加迪尔没问他怎么了,但贝林厄姆迅速感到了尴尬:他是那种很有小大人样的家伙,自尊心强,尊重别人也需要得到别人的尊重。被别人看到自己在更衣室里哭实在是太丢脸了,他有点受不了,不懂为什么自己从来没有在球场上大杀四方惊艳到加迪尔、吸引对方来和他拍手摸头拥抱,却总是在这种尴尬时刻被看见。
“对不起,呃,我其实没……”
他没说完,因为他盖着毛巾被拥抱住了。在第一秒里他屏住了呼吸,在第二秒里他感觉自己像是被浸泡进了海洋里,视网膜上浮动着无声破裂的泡沫,这些泡沫仿佛也在一瞬间填充满了他的骨骼和血肉。
不是香水。
到底是哪里来的呢?属于加迪尔的香气。
其实对方只是简单拥抱了他一下,就把他拉了起来推去洗脸,带他吃饭去。可是今天夜里躺在床上时他的大脑还陷落在那个拥抱中,它漫长得像十个夏天和永远扯不断的麦芽糖。加迪尔大概是顾虑他的自尊心,也有可能单纯是不了解他,其实没和他说什么安慰的空话套话,这反而让他的记忆出现了更丰盈的留白,可以用自己的心声一一摆满。他回忆眼神,回忆表情,回忆对方肌肤的触感,回忆发丝的色泽,但最后还是回味气味。
他偏过头来把脸埋进枕头中,在半窒息的感觉中再次沉入海水——
这不是喜欢,或者爱,完全不是从任何因为深入了解,精神共鸣或心贴心的角度生发出来的强烈情感。恰恰相反,正是因为在同一个队伍里却仿佛依然相隔天堑,加迪尔才会变得更加如神如魔,轻轻晃动指尖也能在他的头脑里引发十二级的狂烈风暴。年轻的贝林厄姆完全不笨,他没有搞混自己的心意,心知肚明这只是不恰当的迷恋。

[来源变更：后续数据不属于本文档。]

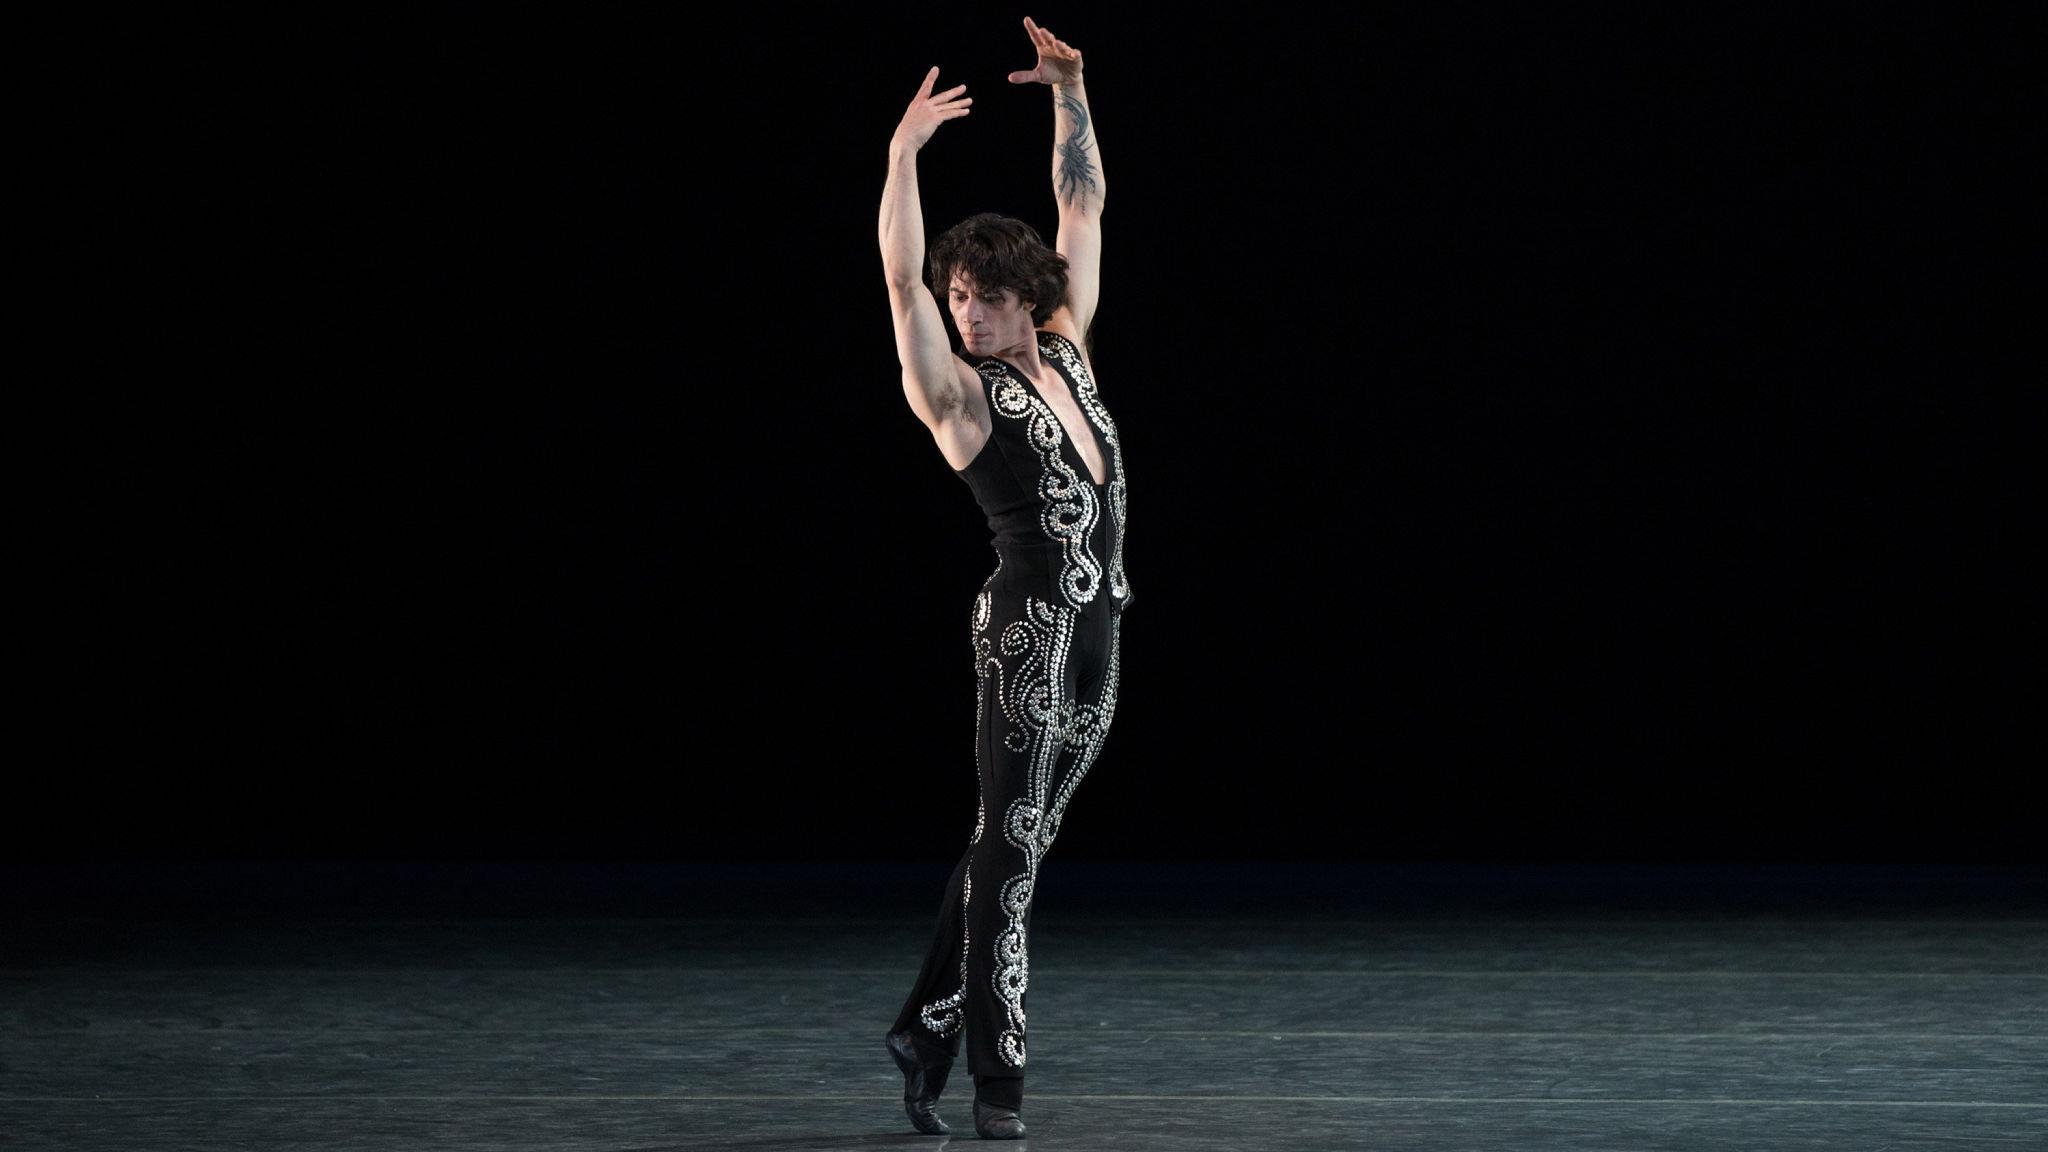 Anatomy of a Male Ballet Dancer - San Francisco Dance Film

可是不恰当的东西总是让人很难处理。今天他过早睡去,然后在梦里再次拥抱住加迪尔。和白天不同的是对方没有挡住他的眼睛,也没有蹲在他身前。他还自动补了新剧情,他又首发了,还给加迪尔助攻了,第一次。梦中的贝林厄姆仰起头颅拉住加迪尔腰侧的衣服,他美丽的端庄的无暇的神明于是真的被他留在手臂间,发丝还在滴着水珠,球袜穿过膝,把大腿勒出红痕。
他会微笑着俯身捧起他的脸颊。
指尖滑动在他的颧骨上,像抚摸一只漂亮的巧克力色泽的猫。
贝林厄姆希望自己品尝起来足够甜蜜,哪怕亲吻他的只是他自己的幻觉。
他正式在隆冬陷入酷暑般的燥热,每夜躺在床上枕着右手闭上眼睛开始加速呼吸,却莫名不再毛躁不安,反而变得格外沉稳起来。他还压着成年前的尾巴长最后的身高,肌肉随着日复一日的强化锻炼和饮食自然隆起,潇洒地甩掉上衣时倒三角的背部漂亮得像猎豹,会被身边人吹个口哨夸小子最近长进了,练得真漂亮。学了半年后他的德语水平忽然好了不少,不再每次张嘴喉咙都像被捏紧。大概是因为他在场上开始得到夸奖和肯定,积极的话语是这么容易记,不像低着头听翻译过后的教训时晦涩得能把鼻孔都堵住。当然语言能力变好了也有可能是为了方便在梦里和前辈上课。他还开始非常大方和主动地盯着加迪尔看,不再那么畏缩和拘束,跃跃欲试的眼神像个不晓好歹的狼崽子。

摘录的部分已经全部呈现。